A learning project where I experiment with generative AI to create a flutter app, comparing ChatGPT (Version 3.5) and Bard (PaLM2), seeing what results I get from the same input prompt, and how many corrections are required to get the desired result.
I am going to include two log files to keep track of my prompts.
- Bard Log.md
- ChatGPT Log.md
These logs will follow a pattern of Prompt-Response-Result, where:
- Prompt: The exact prompt I wrote to Bard/ChatGPT
- Response: The exact response produced by Bard/ChatGPT
- Result: A description of the result, pointing out compile issues and program issues, as well as things that notably work in contrast to the competitor's version
- Compile issues: Errors and warnings
- If there are errors, I will try to fix them in order to be able to run the program and see what the result looks like
- Program issues: Where the program does not match my expectations
- Compile issues: Errors and warnings
I am going to make one commit after each prompt cycle (referred to as Rounds), which means one update to the Bard version, and one update to the ChatGPT version simultaneously (unless one of those two versions is already perfect). Since I may also make additional commits for each rounds as I update these logs, I will additionally include the round number in each commit.

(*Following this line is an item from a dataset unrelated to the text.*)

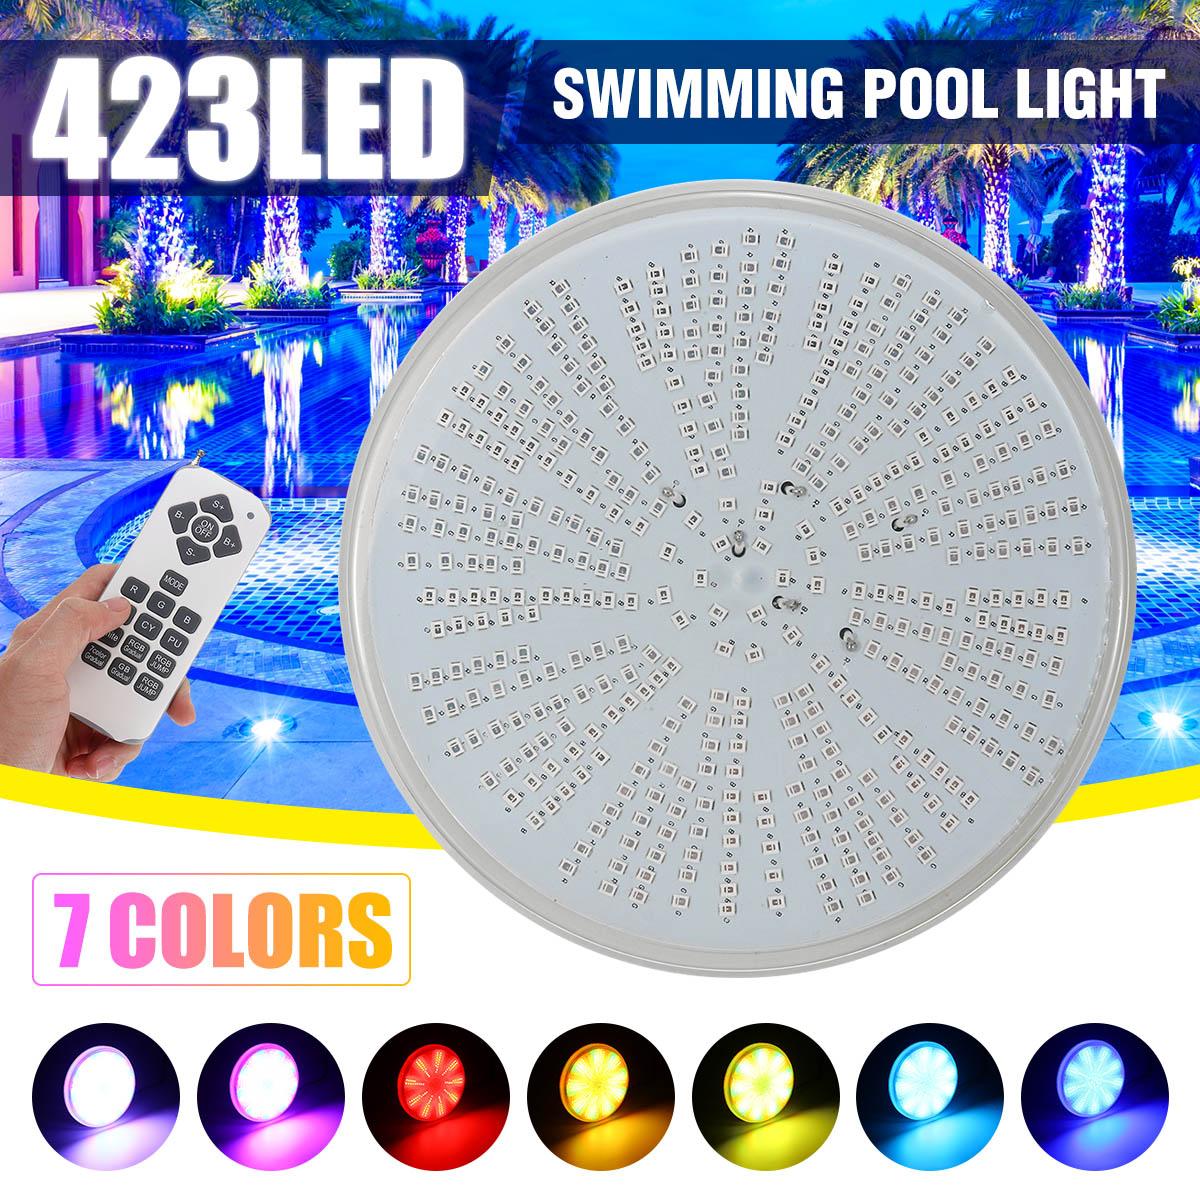 Luz Led para piscina 423leds AC/DC12V RGB resina de repuesto PAR56 lámpara impermeable IP68 Multi Color 2m alambre luces subacuáticas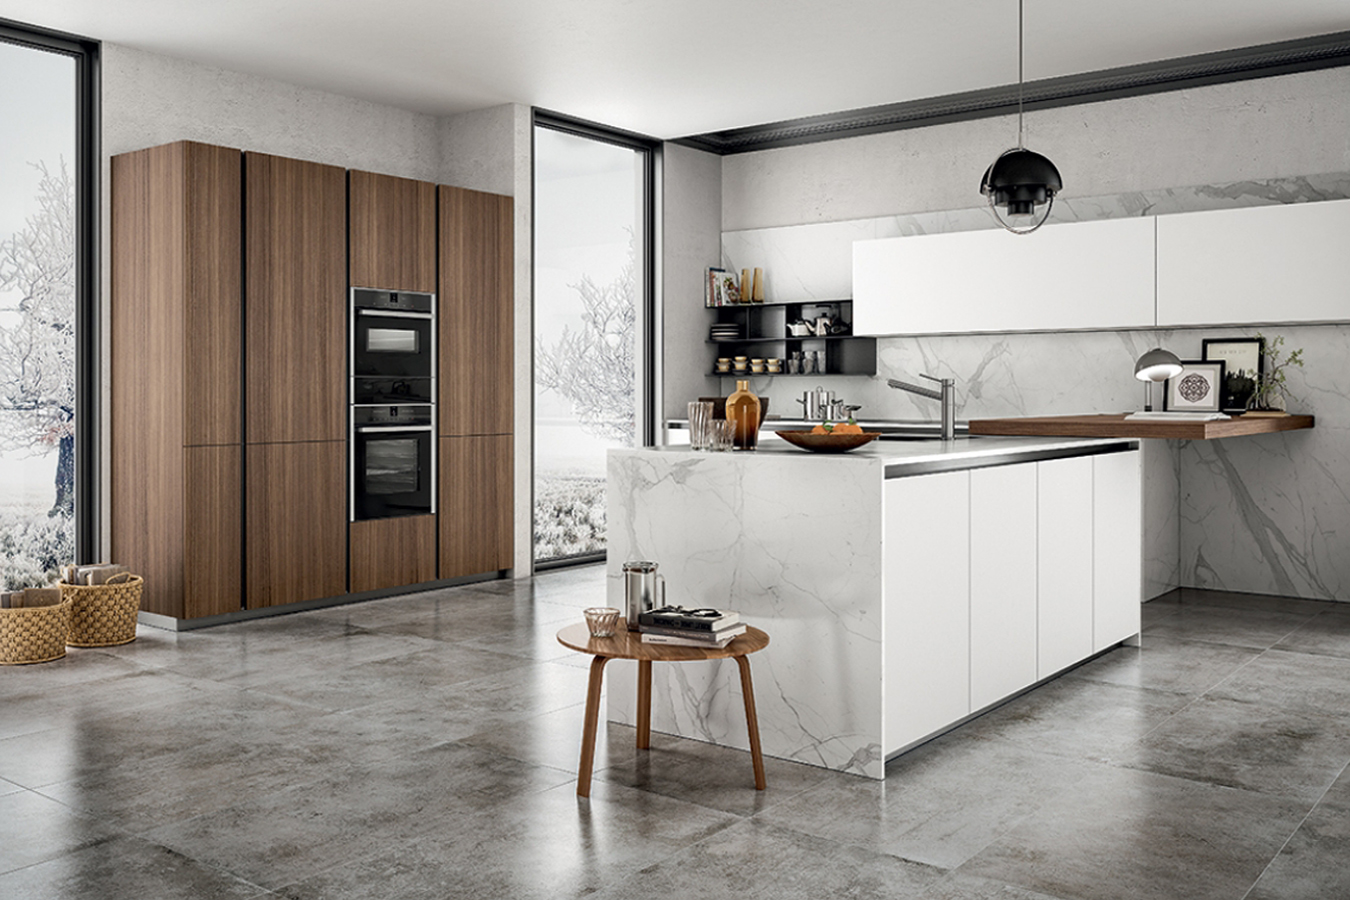 cucina zetasei di arredo3 righetti mobili novara

In the end, ChatGPT was able to successfully create the app that I envisioned within 5 rounds, while Bard's responses grew ever more unhelpful and it even started repeating mistakes so that I felt it was not worth continuing after round 5, and called Bard KOed.
I have to add that I did run the ChatGPT test in a context that I primed specifically for flutter, so that might also have affected the outcome. I'll add the priming statement to the ChatGPT Log.md
.
As such, I also added a Bonus Round where I primed the Bard context with the same message as the ChatGPT context. The logs for those are in FlutterBard Log.md
. The result was that while the primed FlutterBard lasted 2 rounds longer than its unprimed counterpart, it also regularly returned code that could not be run, until in the end it again started returning the same broken code again, ignoring what I asked it to improve. So FlutterBard is also KOed.